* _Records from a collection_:
>>>
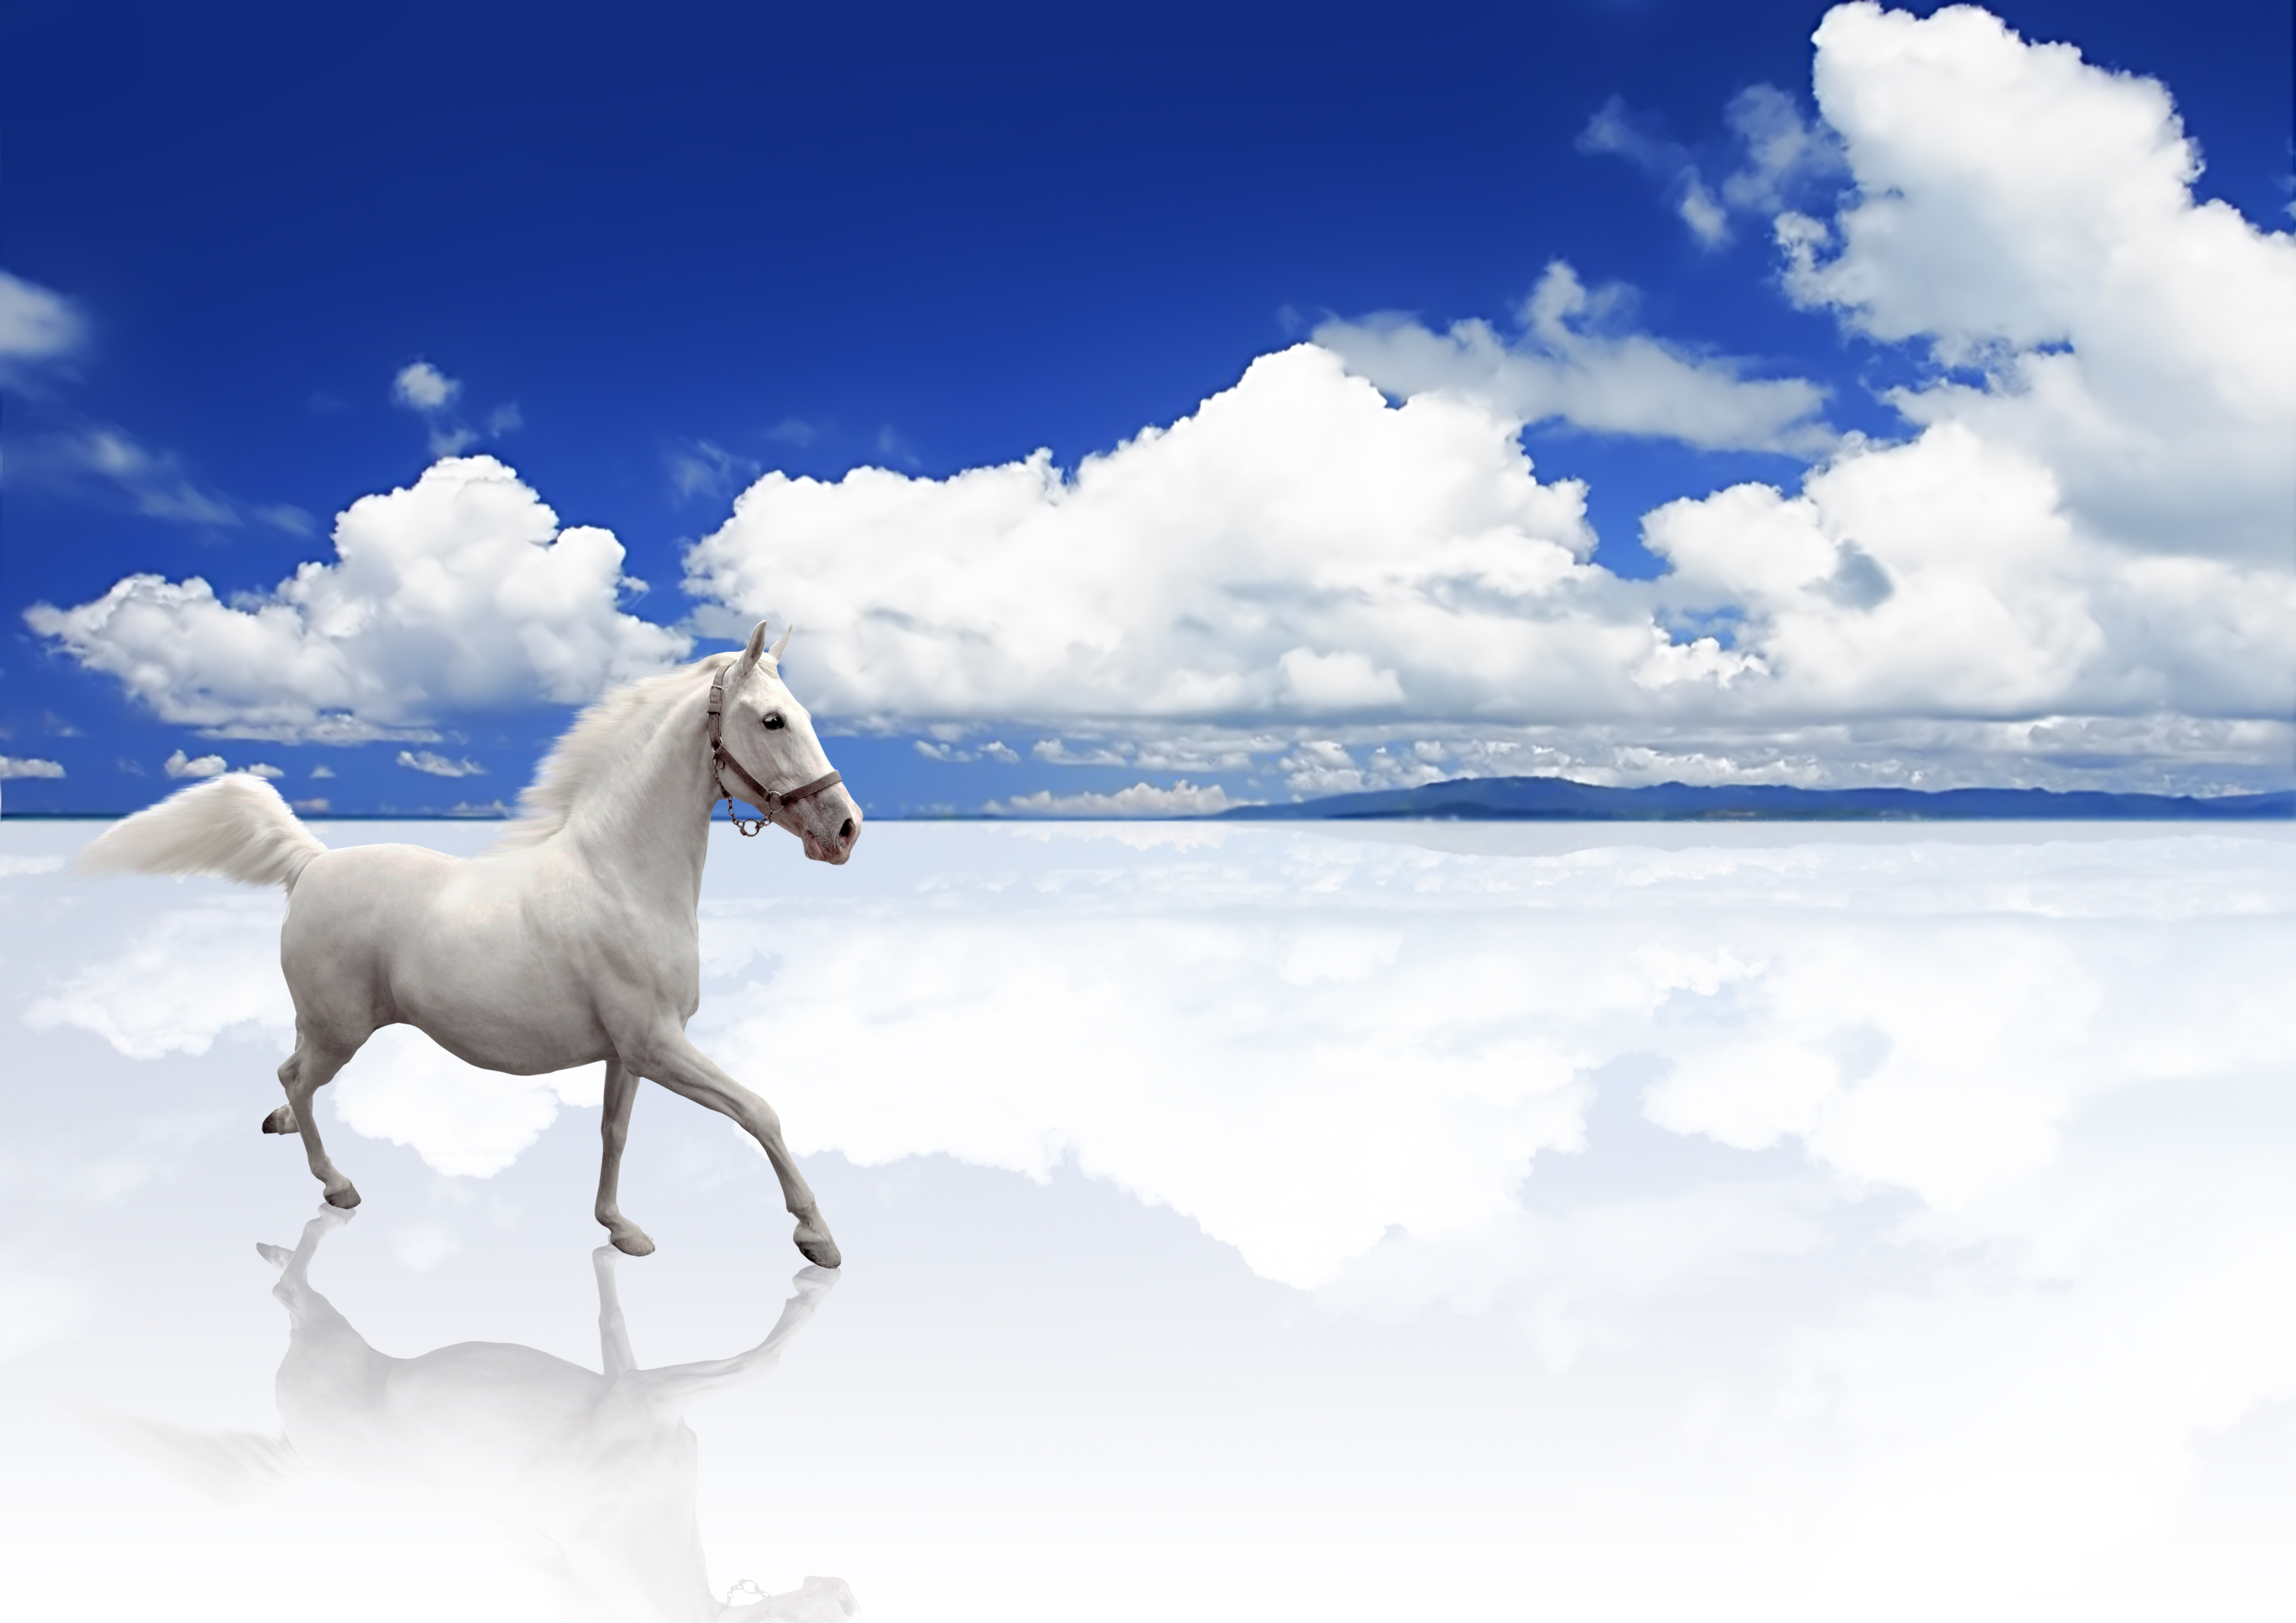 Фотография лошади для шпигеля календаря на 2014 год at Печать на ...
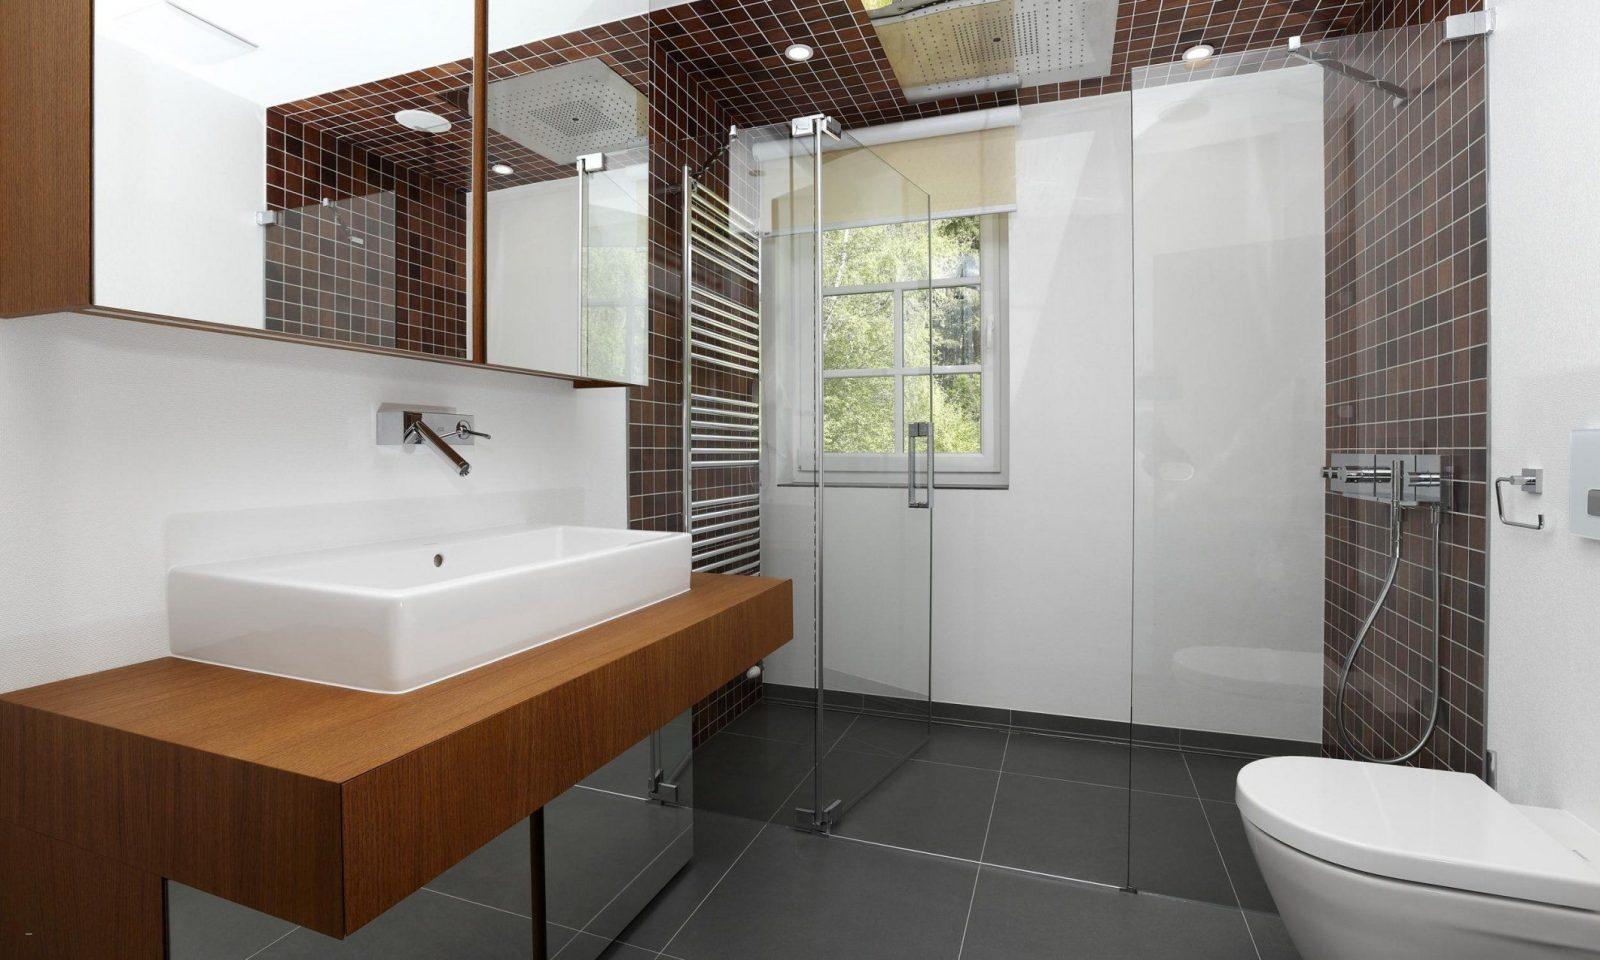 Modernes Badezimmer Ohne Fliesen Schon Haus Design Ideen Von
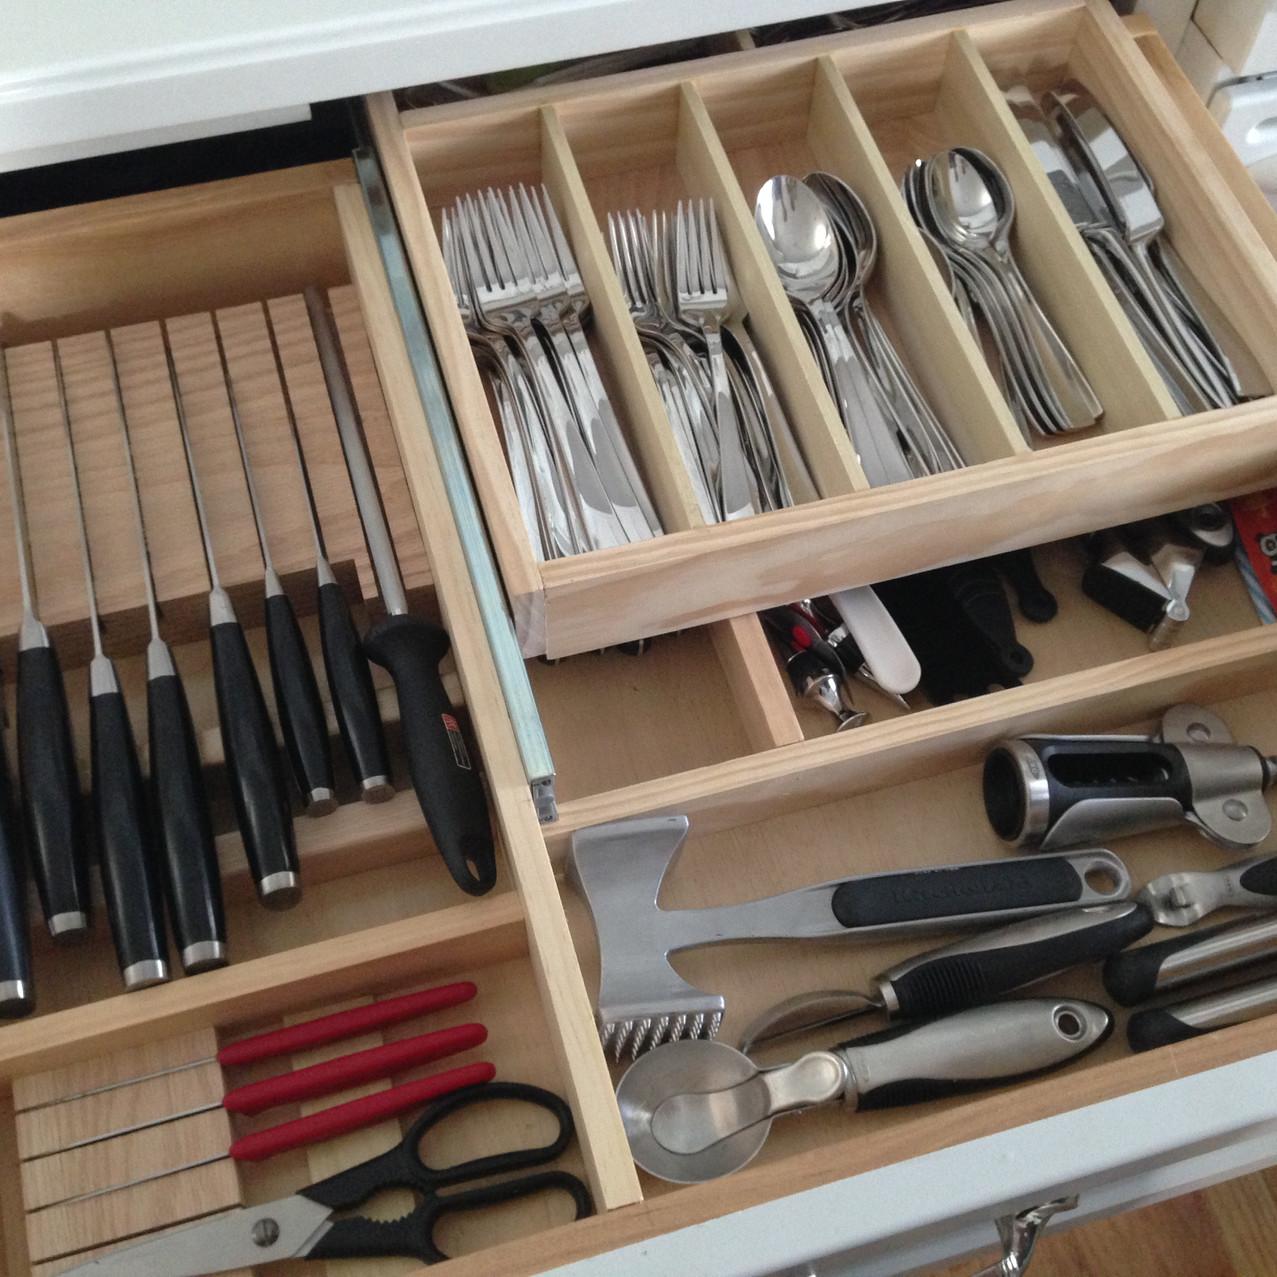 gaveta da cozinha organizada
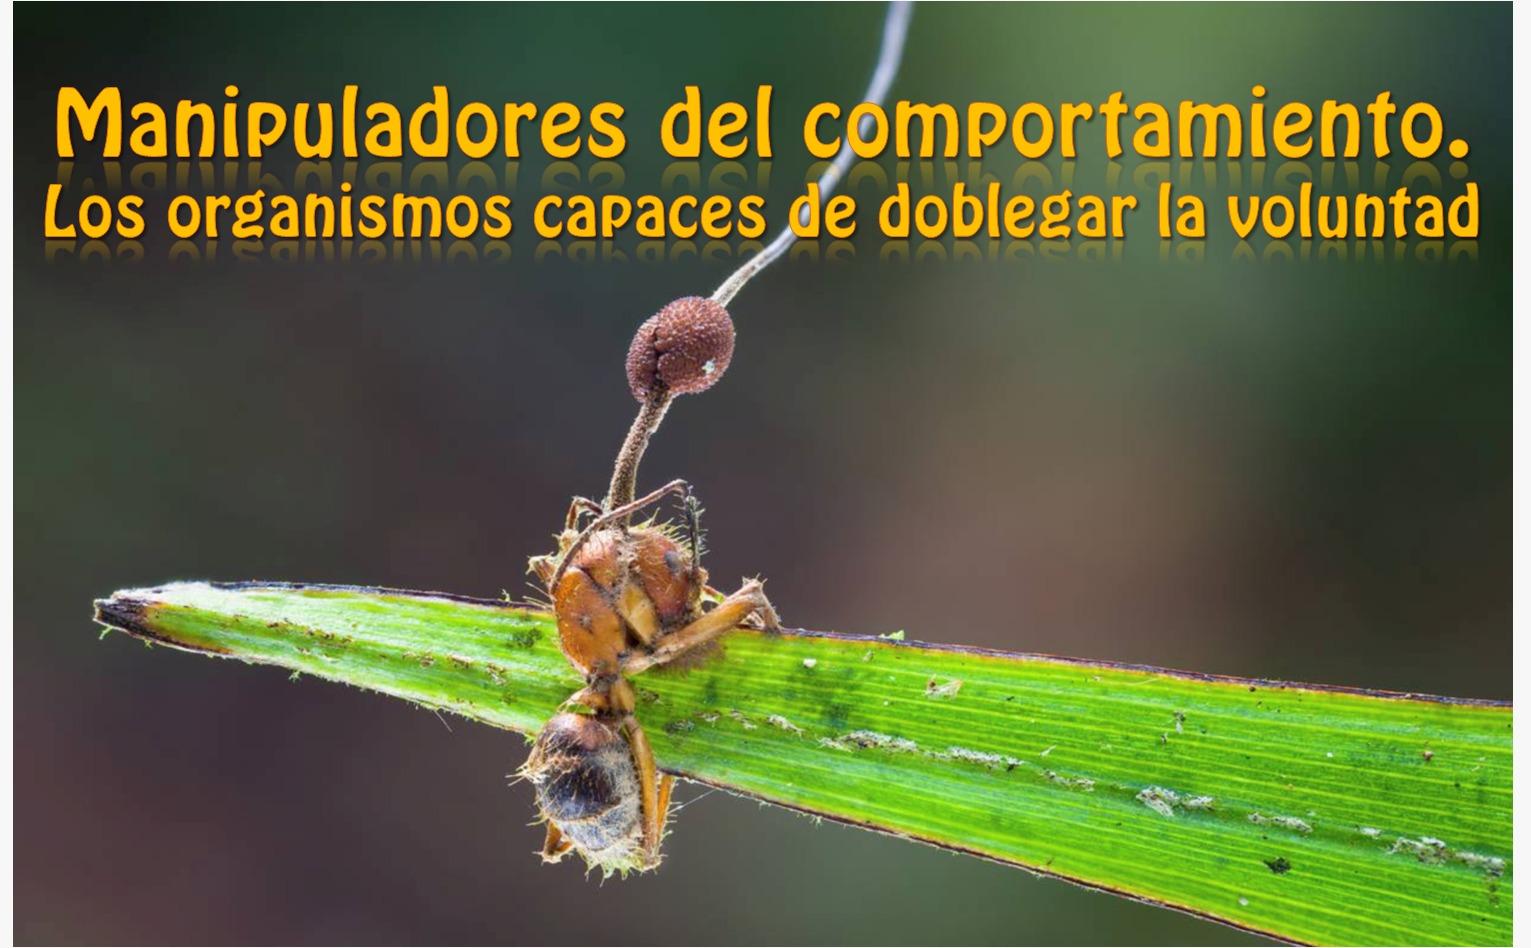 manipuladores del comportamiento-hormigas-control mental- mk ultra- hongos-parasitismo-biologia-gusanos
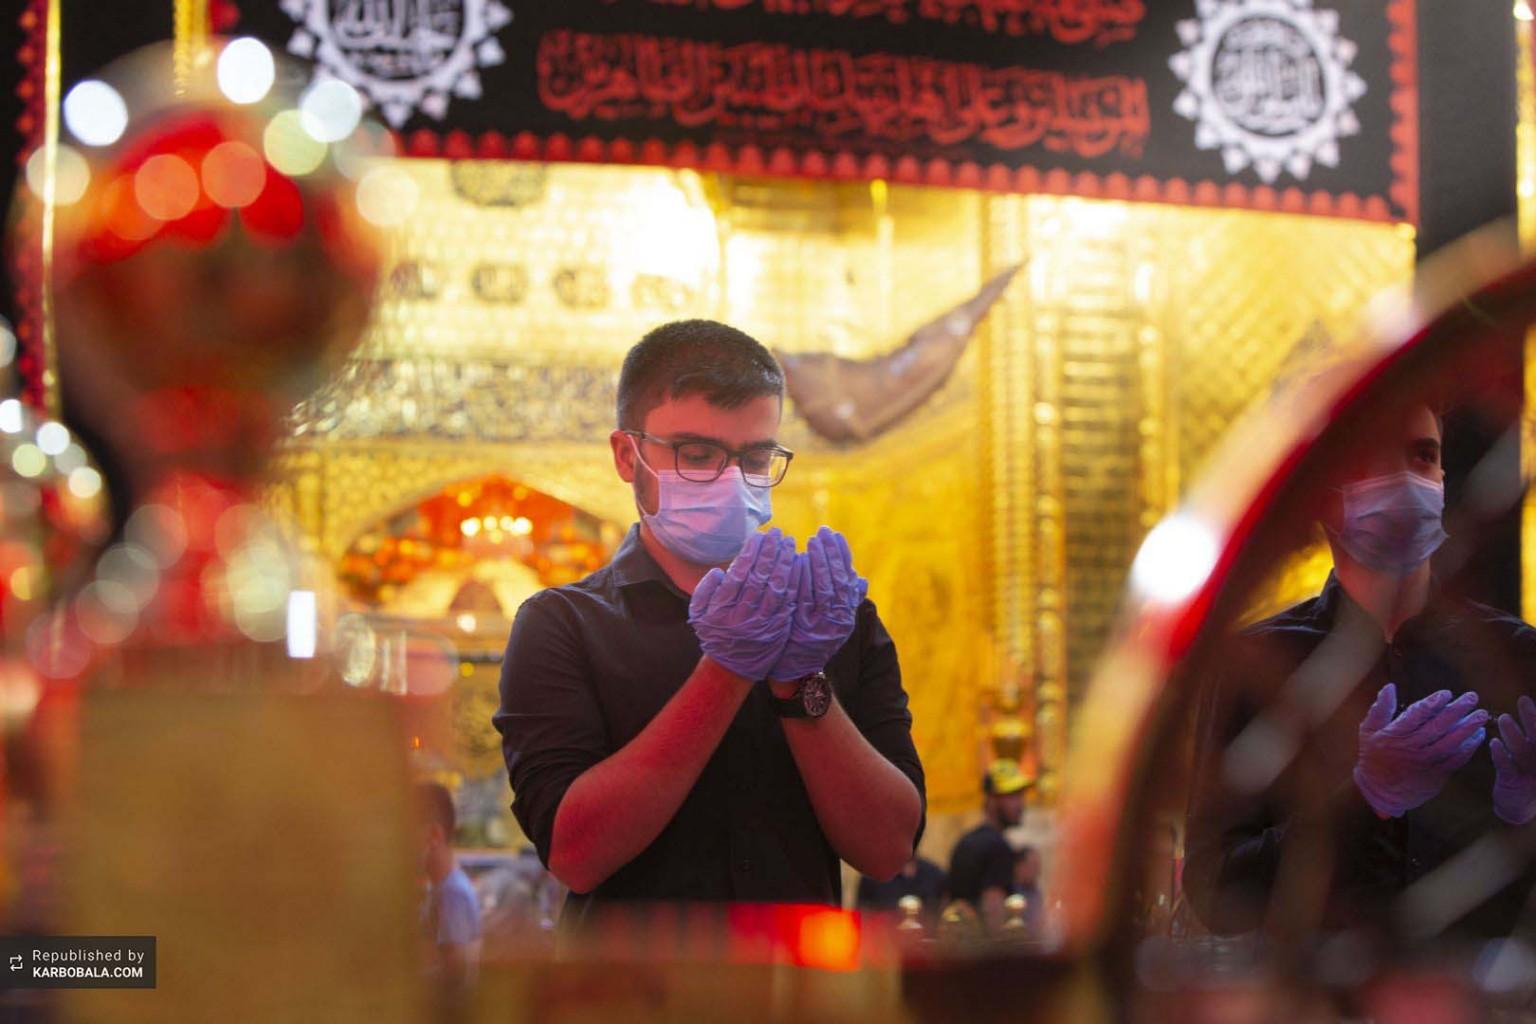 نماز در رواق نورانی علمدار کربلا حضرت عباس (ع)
<<<
* _EXERCISE_: All of the data above should be quoted exactly, except for the pictures.

* _COMPLETED TASK_:
 Фотография лошади для шпигеля календаря на 2014 год at Печать на ...
 Modernes Badezimmer Ohne Fliesen Schon Haus Design Ideen Von
 gaveta da cozinha organizada
 manipuladores del comportamiento-hormigas-control mental- mk ultra- hongos-parasitismo-biologia-gusanos
 نماز در رواق نورانی علمدار کربلا حضرت عباس (ع)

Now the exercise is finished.